We use a selfhosted instance at my company and it a) eats resources like a badly configured Bitcoin miner and b) keeps not only changing it's UI, but also puts 8000 different things in it.

[–] [email protected] 3 points 1 year ago (2 children)

Yeah, I have no clue how they make software that's so damn inefficient.

Don't even get me started, for example I bought a personal license from Jira (Atlassian) to run on my Linux server. Tiny university project, 5 users (with no one using it most of the time) and the thing ate up all my memory and used half my CPU cores just by idling. That server also hosted Minecraft, which used less resources than that..

[–] [email protected] 3 points 1 year ago

Jira suffers from the problem that you can configure almost everything. Pouring that into an efficient data structure (in memory and in SQL) is almost impossible, so it always has to do tons of overhead.

I feel like ironically this freedom to adapt it to you needs makes it not only slow, but also unusable, because every bullshit business requirement gets some artefact in Jira. Even though 95% of the workflows look exactly the same in practice.

[–] [email protected] 1 points 1 year ago

Yeah, I have no clue how they make software that’s so damn inefficient.

Software is a gas.

[–] [email protected] 1 points 1 year ago (1 children)

I haven't run into the resource issue (running in docker), but yeah I wish I could turn off some UI features. We never need to upload designs so why do I have to look at it on every issue?

[–] [email protected] 1 points 1 year ago (1 children)

You can turn off features by default! Check your gitlab.rb and you will find even more stuff they have bundled in there that is off, like a matter most server 😀

[–] [email protected] 1 points 1 year ago* (last edited 1 year ago)
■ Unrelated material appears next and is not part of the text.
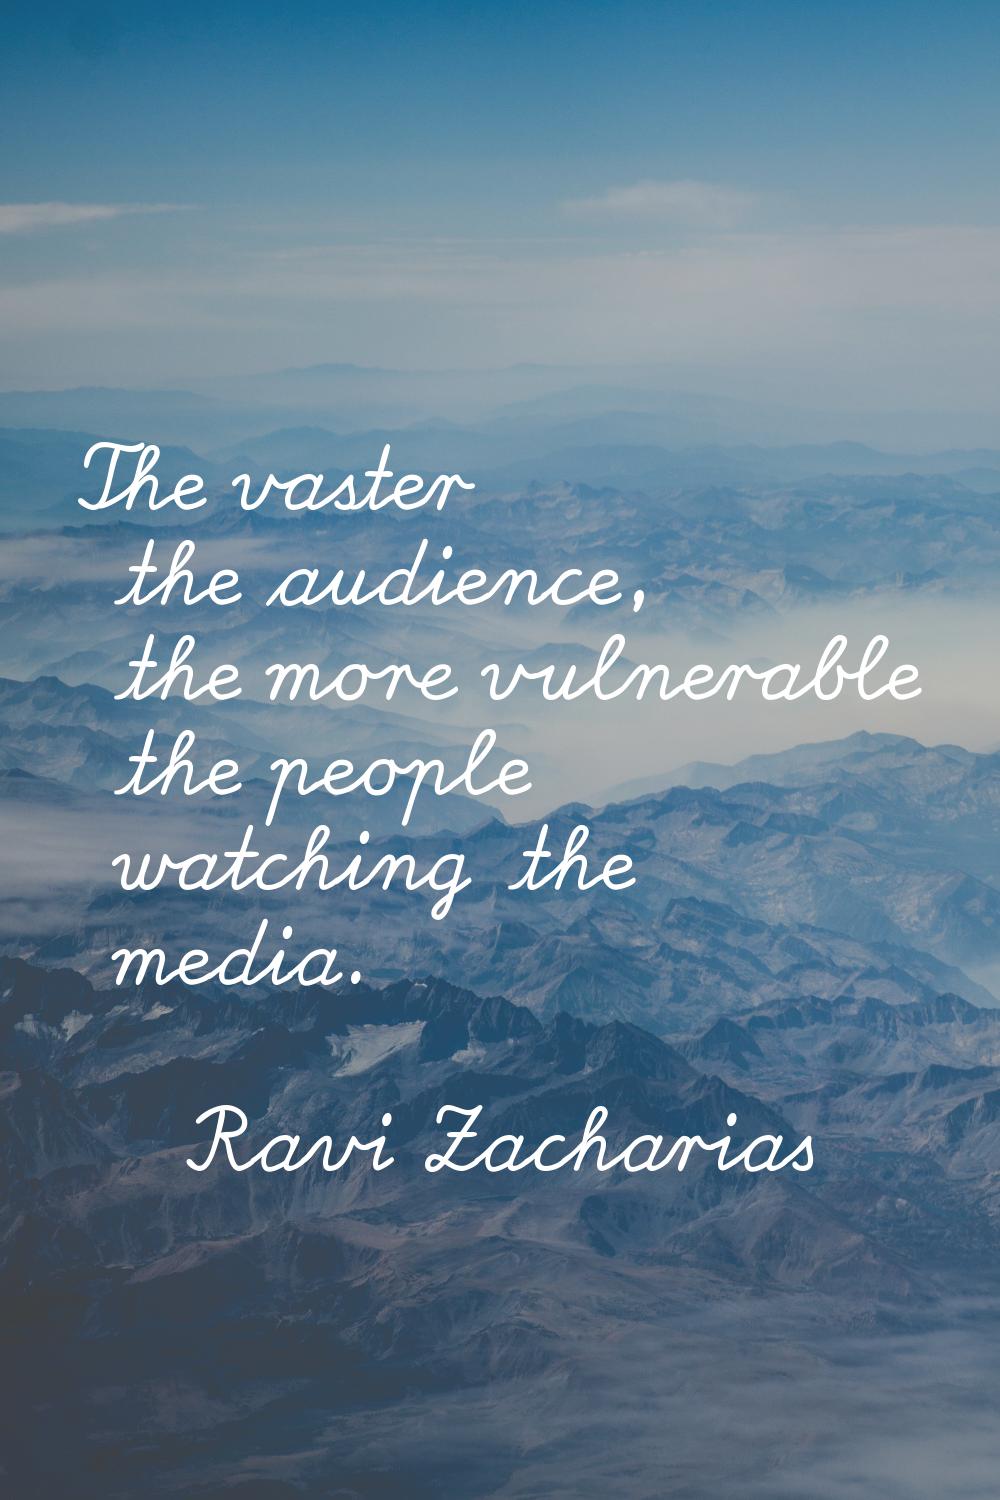 The vaster the audience, the more vulnerable the people watching the media.

When I looked some could be disabled and some couldn't 🤷
I'm not a devops engineer I only play one when no one else is willing.

[–] [email protected] 4 points 1 year ago

I'm forced to agree, GitLab's pricing could be easier to understand and more competitive.

I haven't ran into the 5 user limit; I suspect that's not a limit of the self-hosted version. I will say it's a pain to get a clear understanding of what is available and what's not on the free edition when self hosting... also there are 2 free editions (community and unlicensed enterprise) now which adds to the confusion.